Comparing unpublished RNA-Seq gene expression quantifiers

During the conference BoG a new RNA-Seq gene expression quantification tool called Kallisto was announced and released by the Pachter group. This tools have me excited because it is following the trend of Sailfish, RNASkim and recently Salmon. The classical approach for gene (or transcript) expression is aligning reads to genome, then by looking at coverage figuring out which transcripts are expressed at which levels. These new tools in stead use information contained in reads where exact mapping is not completely necessary, and use that to deconvolve the mixture proportions of transcripts in a sample.

To compare these quantifiers, and also using results from a classical TopHat + Cufflinks combination as a control I used five batches of single cell RNA-Seq from three different published data sets: SRP030617 (batch 1), SRP041736 (batch 2 & 3), and EGAS00001001204 (batch 4 & 5). These are all data from human cells, in total 284 samples. The data have between ~100 000 reads and ~5 000 000 reads.

All these data sets have had ERCC spike-ins added to them. To compare quantification accuracy, I first quantify expression for all genes / transcripts plus the spike-ins using the different tools. Then I extracted the TPM values for the spike-ins and looked at the Pearson correlation of the log transformed TPM values and the log transformed concentration of ERCC spike-ins. The plots below shows the distribution of these Pearson R values for the different tools over the different dataset batches. The n refers to the number of samples in a given batch.

They all perform well, at least equally well to TopHat + Cufflinks, and generally have pretty high correlation values (very few are below 0.8). In some cases Salmon seem to perform better.
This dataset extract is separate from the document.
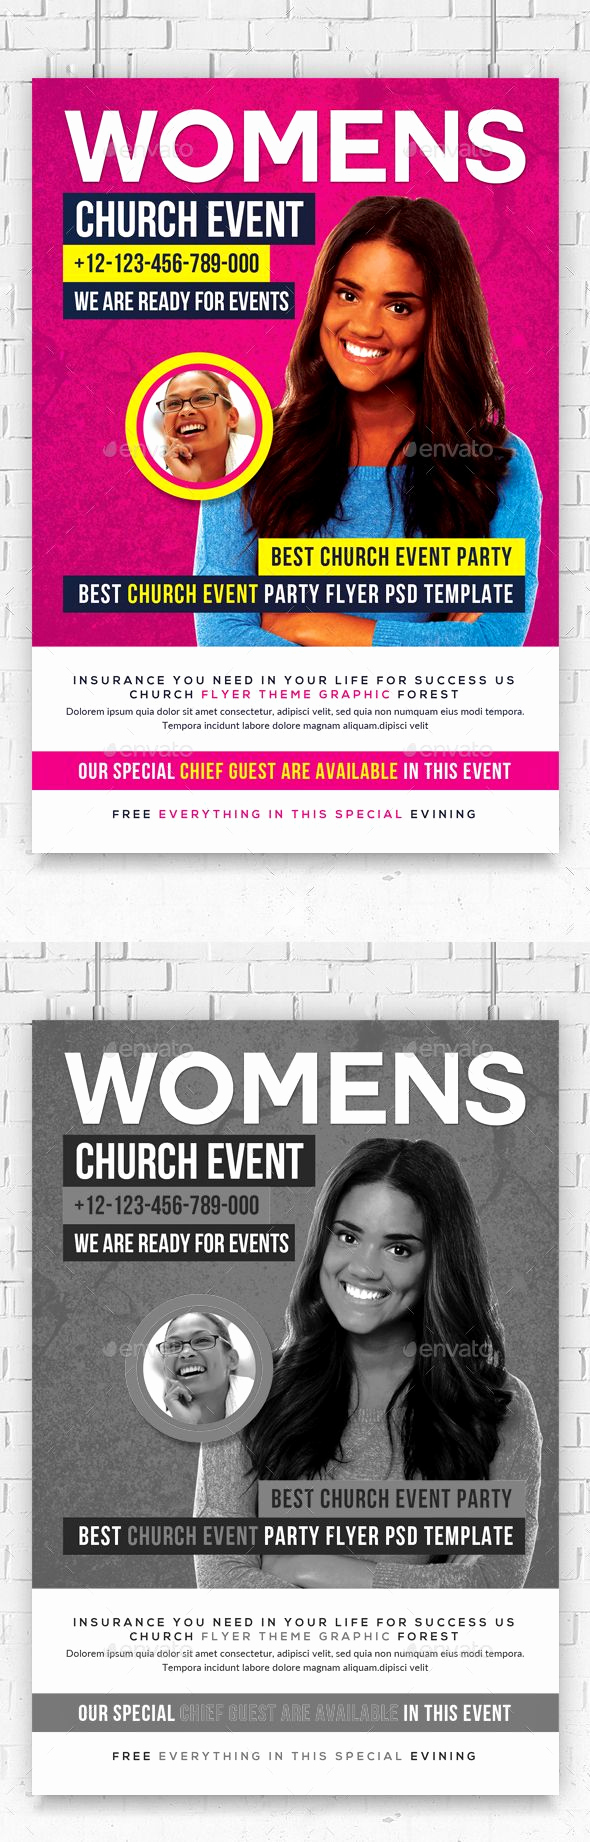 Free Church Flyer Templates Unique 256 Best Images About Media On Pinterest
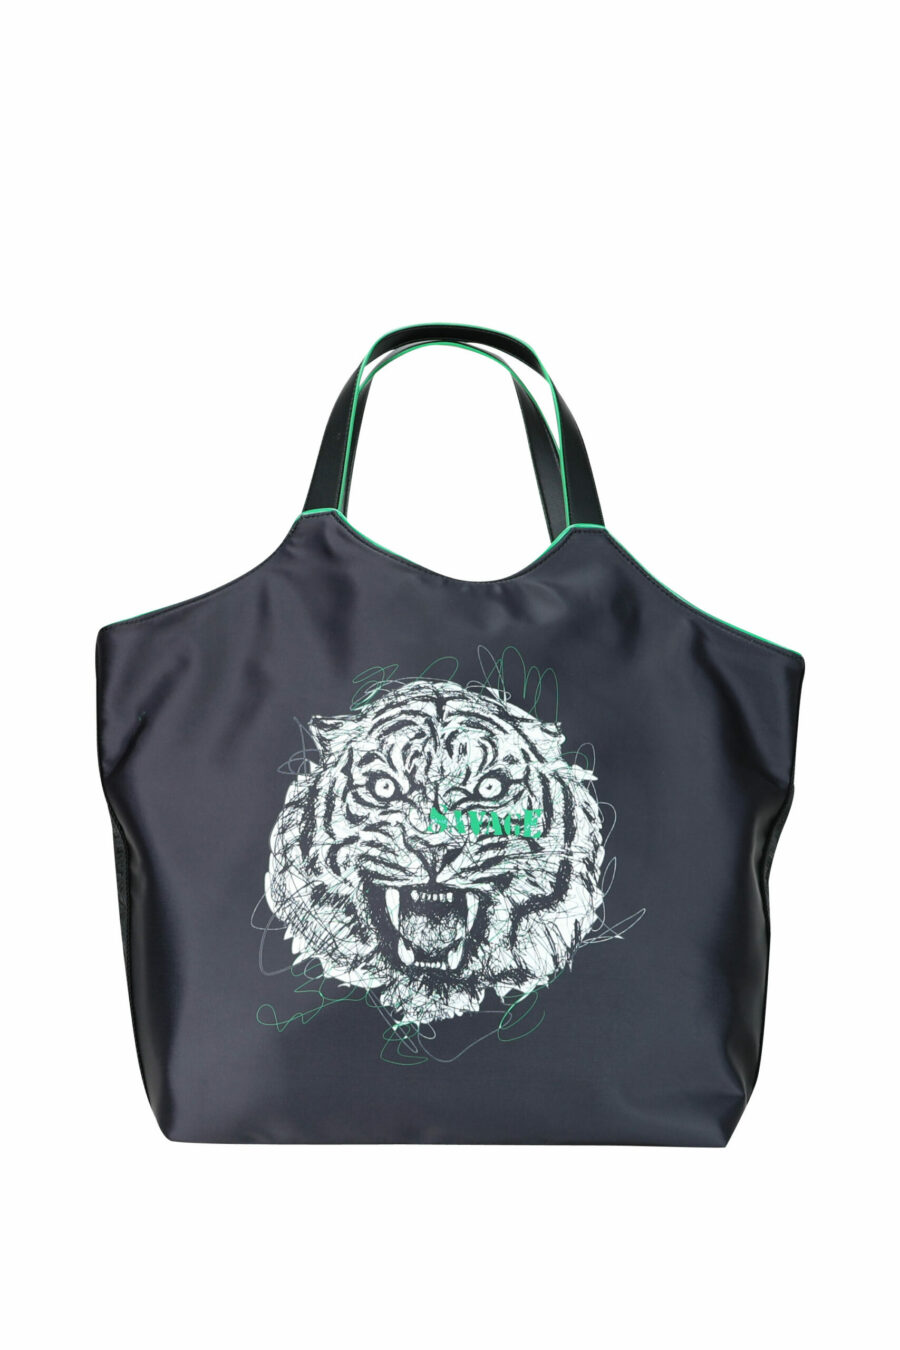 Tote bag black with green tiger maxilogo - 8052672642288 1 scaled

To make the task a bit harder, we can look at the input dilution of ERCC’s included in the publications of the data sets and look only at spike-ins present at low levels. In this case given the concentration and dilution in to the volume of the experiments, we look only at the spike-ins present at between 1 and 50 RNA molecule copies.

All the methods perform equally, varying from surprisingly good to pretty bad depending on data set.

Regarding speed, the TopHat + Cufflinks combo took something along the lines of a half a day per sample, using multithreading over 12 cores for each sample. (I didn’t save the timings). The Salmon quantification took about 15 minutes per sample, also with 12 cores multithreading, while the Kallisto took about 10 minutes per sample and does not do any multithreading.

It should be noted that since there are no alternative splice forms for the ERCC spike-ins this doesn’t tell us anything about correction or quantification of alternative transcripts.